Dick shook his head. “That might do in a story book, but even if we weren’t just about ready to drop, we couldn’t do that.”
Glumly, they began the wait for the waves to go down, tightening their belts upon flat and gnawing stomachs. With the ceasing of the storm their hunger became three times as noticeable. Had the dead seal, which had first accompanied them on the floe, still been with them, they might have tackled raw blubber, but the waves had washed the seal into the sea long before.
Though the wind had fallen, the boys found themselves little more comfortable, for the temperature began to fall alarmingly. With the passing of every hour the still air grew colder while the waves quieted under the iron hand of Jack Frost.
The boys chewed ice to cool their thirsting mouths and partially allay the great hunger that was swiftly weakening them. They could not judge the passage of time rationally now, and when Dick awakened from a stupor that had come upon him in spite of all he could do, he found the water around them almost as smooth as glass.

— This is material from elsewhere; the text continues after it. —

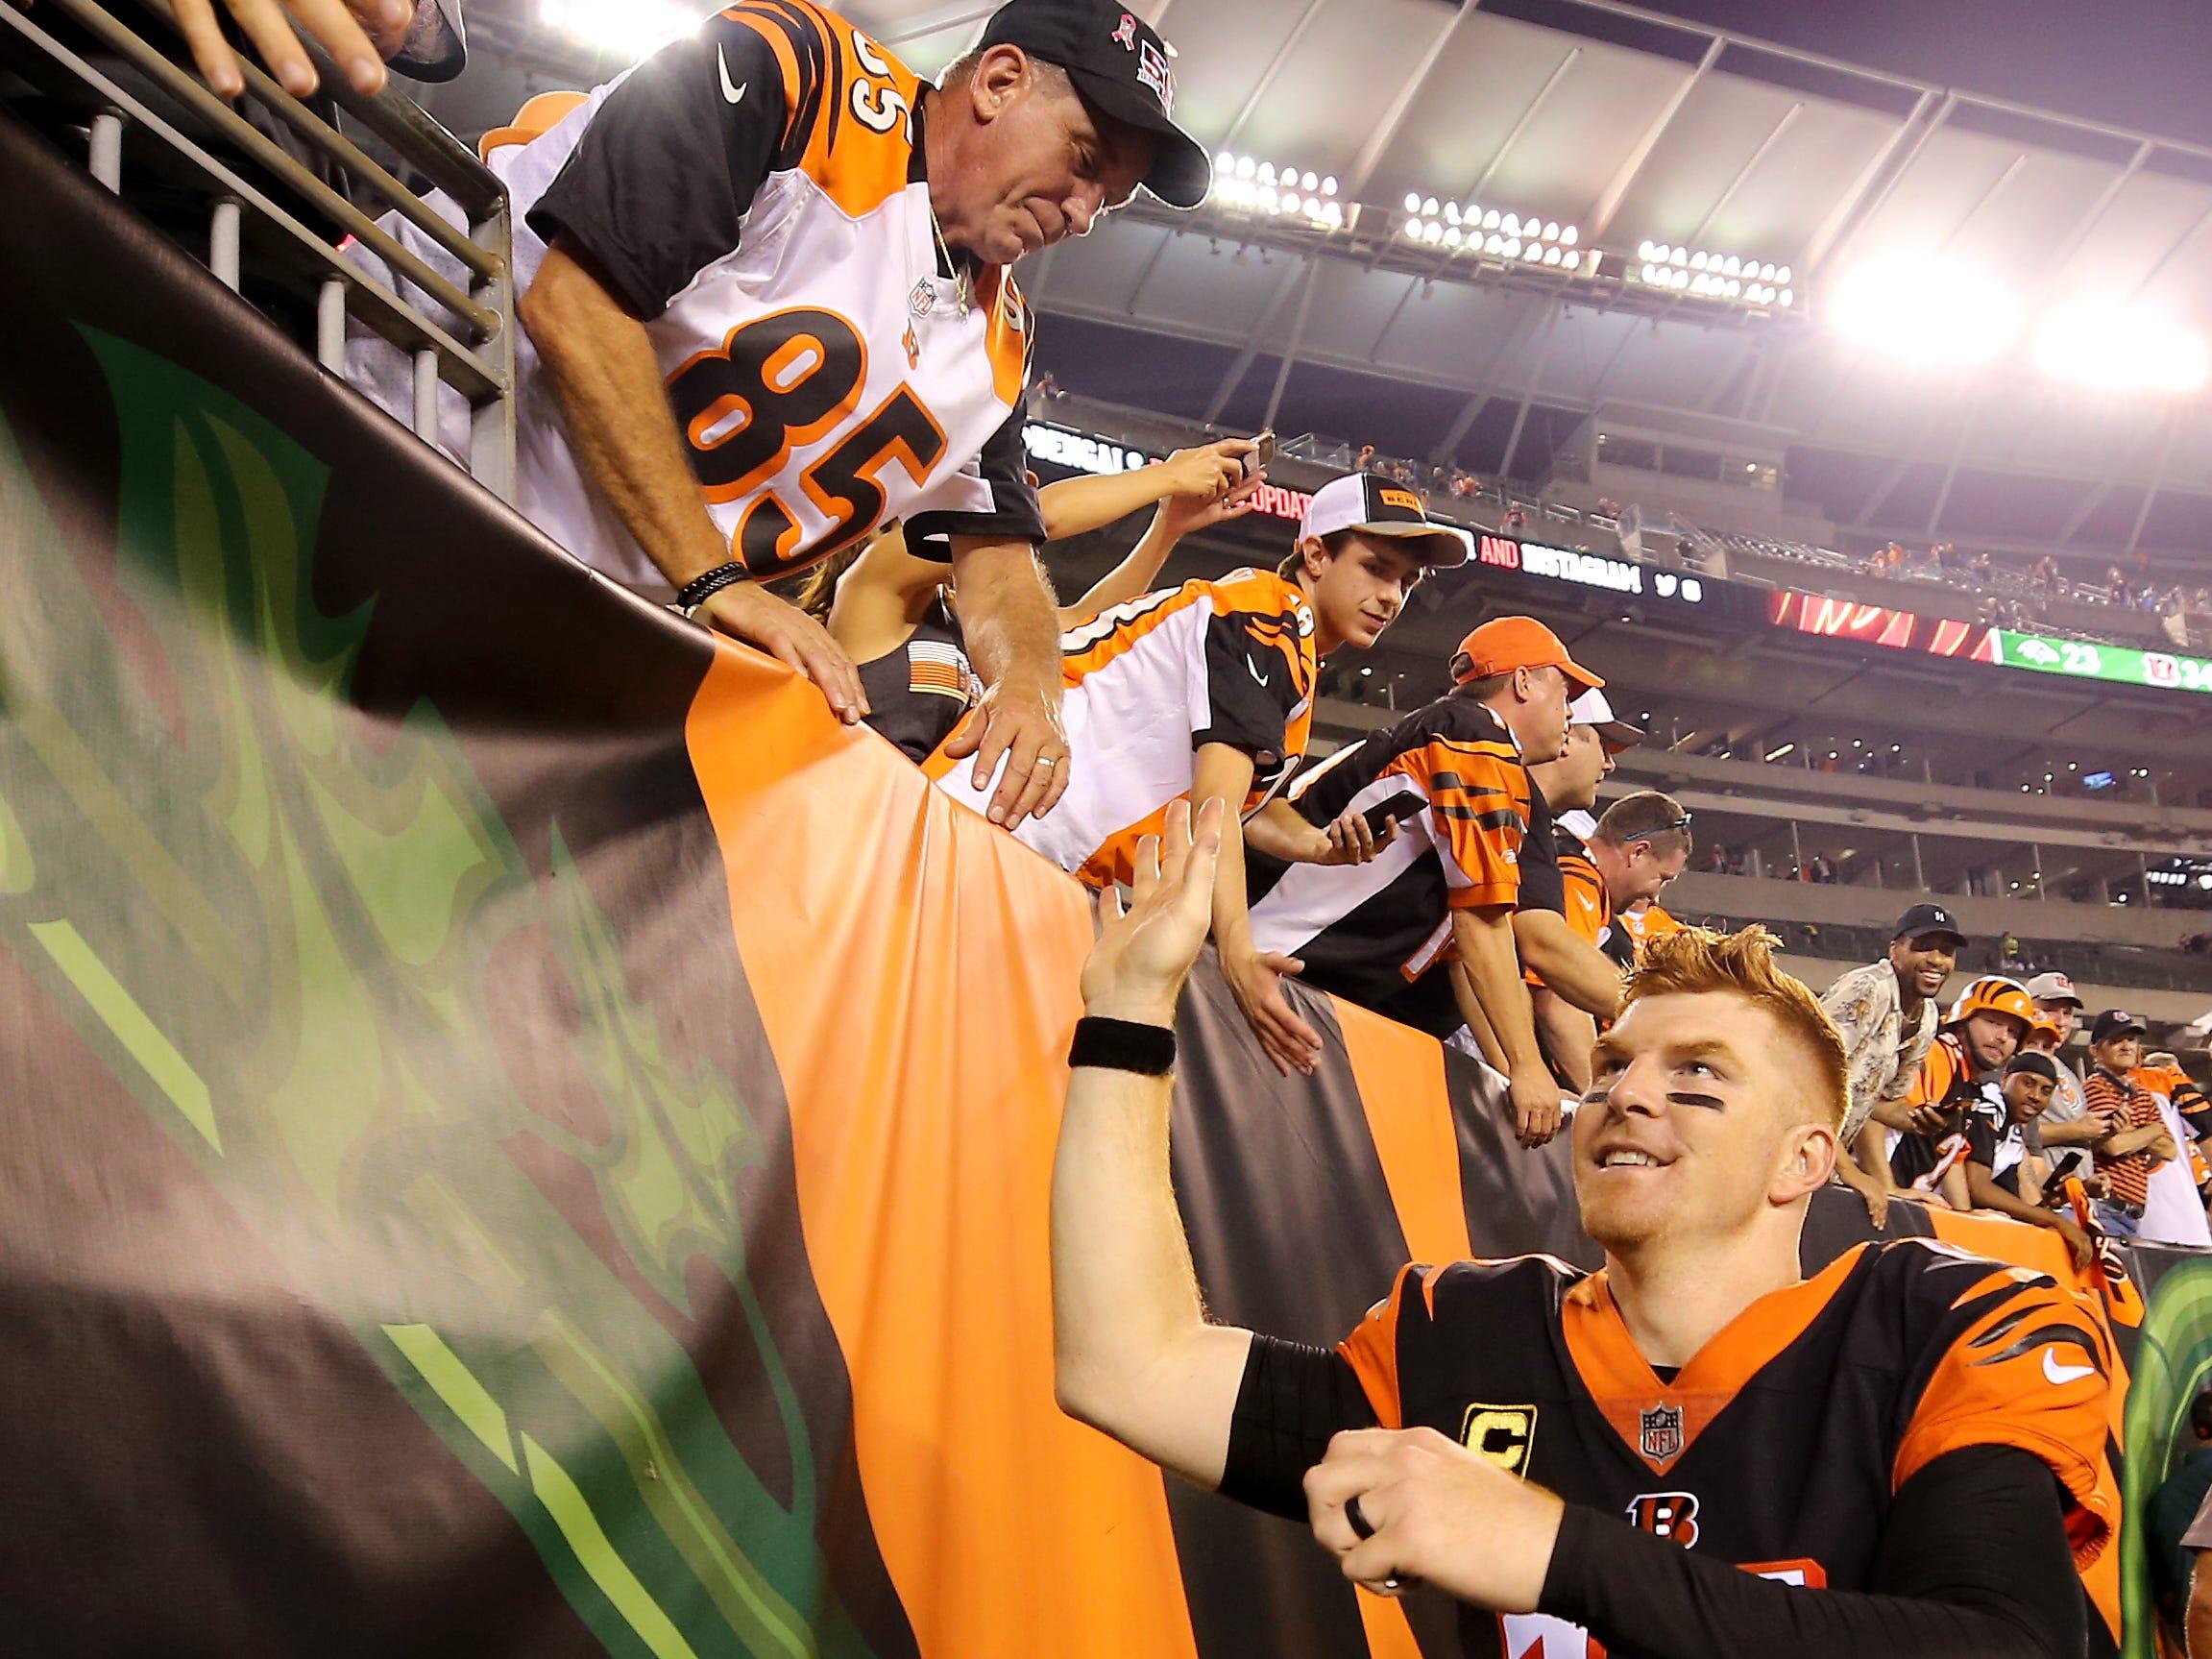 Cincinnati Bengals quarterback Andy Dalton (14) high fives fans after the Week 2 NFL football game between the Baltimore Ravens and the Cincinnati Bengals, Friday, Sept. 14, 2018, Paul Brown Stadium in Cincinnati. Cincinnati won 34-23.

Staggering to his feet Dick pulled Sandy to his feet and together they gazed on a phenomenon of the north that was like a miracle in their eyes.
The open water, or lead, between the land and the berg on which they had lodged, was frozen over, and a level walk of thin ice bridged a way to safety.
“Can we walk on it?” Sandy asked in a hoarse, thick voice.
“I don’t know,” Dick replied through blue lips. “I’ll test it.”
Guiding his weakened legs by force of will alone, Dick cautiously approached the edge of the floe and placed one foot down on the ice. He bore his weight, by degrees, on the one foot. The ice cracked a little and gave downward, then as he placed the last of his weight upon the ice, it broke through. Dick saved himself from a cold bath that might, at that time, have meant the finish of him, by falling face downward on the floe and drawing himself back to safety. He would have given up then, had not a heart-rending groan from Sandy aroused in him a new determination. For he could not bear to see his chum lying there, slowly freezing, when there was an ounce of strength left in him.
Into Dick’s numb senses crept an idea. The snowshoes strapped upon their backs! If the ice would not hold weight upon the narrow surface of a boot sole, might it not support them if their weight were distributed upon the broad rim of snowshoes?